Criticism and various theories - FSB (Russian Federation), Federal Security Service, Federalnaya Sluzhba Bezopasnosti. - Dagger and Cloak
 

Wednesday, 27 June 2007

Criticism and various theories - FSB (Russian Federation), Federal Security Service, Federalnaya Sluzhba Bezopasnosti.

Alleged coup organized by FSB

Starting from 1998, people from state security services came to power as Prime Ministers of Russia: a KGB veteran Yevgeny Primakov; former FSB Director Sergei Stepashin; and finally former FSB Director Vladimir Putin who was appointed in August 8, 1999.

In August 7, Shamil Basaev began incursion to Dagestan which was regarded by Anna Politkovskaya as a provocation intitiated from Moscow to start war in Chechnya, because Russian forces provided safe passage for Islamic fighters back to Chechnya. It was reported that Aleksander Voloshin from Yeltsin administration paid money to Shamil Basayev to stage this military operation (Basaev reportedly worked for Russian GRU at this time and earlier).

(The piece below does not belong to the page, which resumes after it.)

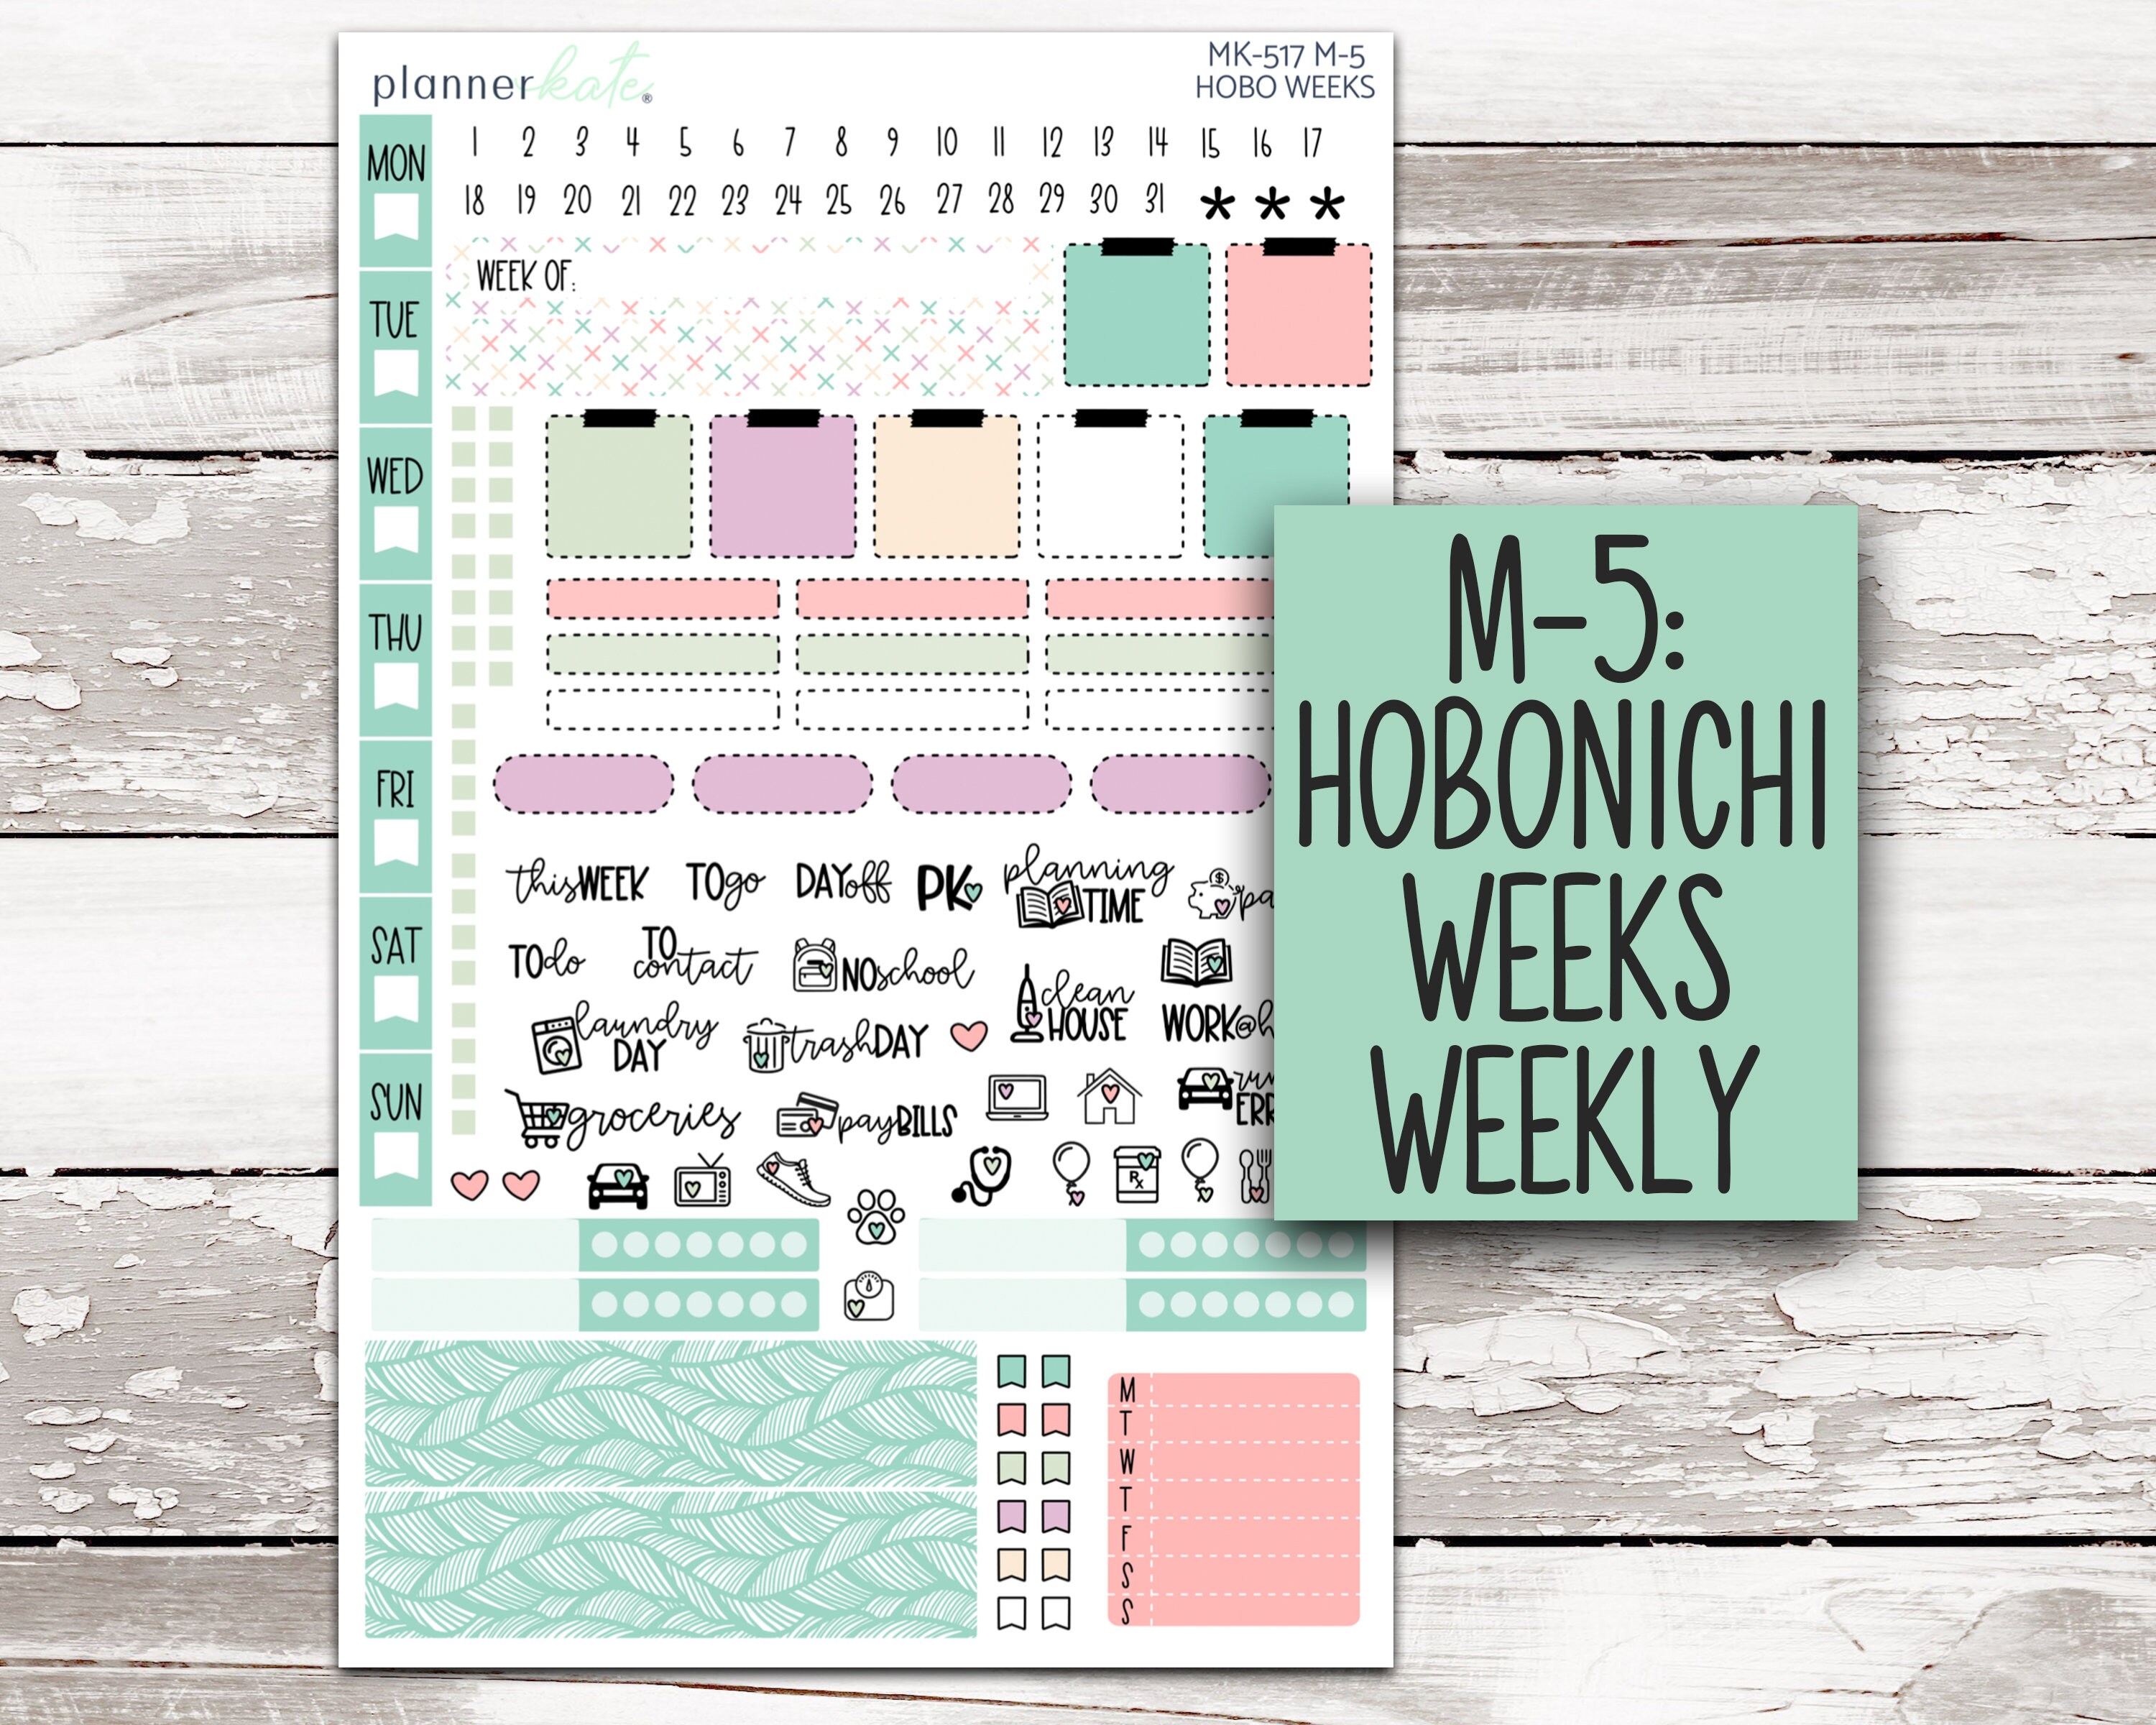 DOODLE-23-26 HOLIDAY Planner Stickers Standard Mini Size S-1569 S

In September 4 a series of four Russian apartment bombings began. Three FSB agents were caught while planting a large bomb at the basement of an apartment complex in the town of Ryazan in September 22. That was last of the bombings. Russian Minister of Internal Affairs Rushailo congratulated police with preventing the terrorist act, but FSB Director Nikolai Patrushev had declared that the incident was a training exercise just an hour later, when he had learned that the FSB agents are caught.

The next day, Boris Yeltsin received a demand from 24 Russian governors to transfer all state powers to Prime Minister Vladimir Putin, according to Sergei Yushenkov Second Chechen War began on September 24. This war made Prime Minister Vladimir Putin very popular, although he was previously unknown to the public, and helped him to win a landslide victory in the presidential elections in March 26, 2000.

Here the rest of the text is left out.